Article activity feed

  1. eLife assessment

    This manuscript provides important findings that have practical implications for reproductive medicine and would be of interest to IVF specialists. Based on the compelling strength of evidence, the authors present significant results on improving the predictive value of the live birth model based on blastocyst evaluation and clinical features. However, some methodological information should be added to improve the reproducibility of the study results.

  2. Reviewer #1 (Public Review):

    This work provides a new multimodal blastocyst evaluation method utilising both blastocyst images and patient couple's clinical features (e.g., maternal age, hormone profiles, endometrium thickness, and semen quality) to predict live birth outcomes.
    The manuscript was reviewed using the checklist from the "Transparent reporting of a multivariable prediction model for individual prognosis or diagnosis (TRIPOD): The TRIPOD statement" (https://www.equator-network.org/reporting-guidelines/tripod-statement/ ). Generally, the authors have achieved their aims, and the results support their conclusions.

    The major study strengths are as follows:

    The study dataset consists of a huge amount (17,580) of blastocysts with known live birth outcomes, as well as blastocyst images, and data included the clinical features of couples.
    The authors developed a new artificial intelligence model consisting of a convolutional neural network to process blastocyst images and a multilayer perceptron to process patient couple's clinical features. This model demonstrated an AUC of 0.77 for live birth prediction, which is significantly higher than that achieved by the previously developed models. The conclusions of this paper are mainly well supported by the data.

    Nevertheless, there are some weaknesses:

    Regarding testosterone, the method of testosterone assessment is essential. The statistical significance of testosterone as a predictor could change when calculated free T or bioavailable testosterone is used.

    According to the data presented in Supplementary Table 1, there are more than 15 statistically significant predictors of live birth. However, the value of predictive significance is presented only for 15 (Fig. 3).
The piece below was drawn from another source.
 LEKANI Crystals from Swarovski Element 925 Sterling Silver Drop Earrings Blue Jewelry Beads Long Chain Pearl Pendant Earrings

  3. Reviewer #2 (Public Review):

    In this article, a multi-modal strategy for live birth prediction is proposed using blastocyst images and clinical features. The CNN architecture is used for the imaging dataset, while an MLP is built for the clinical features, and the final model is developed by concatenating CNN and MLP features. 17,580 samples are used for training and testing the model. The proposed model performed significantly better than the previous ones, with an AUC of 0.77.

    By creating activation maps in both scenarios: I) when imaging and clinical features were used, and II) when only imaging data was used, authors highlight the parts of images that are crucial for predictions. Their results confirm the benefits of utilizing multi-modal datasets.

    However, the manuscript is currently lacking crucial methodological information that is necessary to judge the validity of various claims.
    Furthermore, it lacks discussion of the potential applications of the proposed model in clinical settings.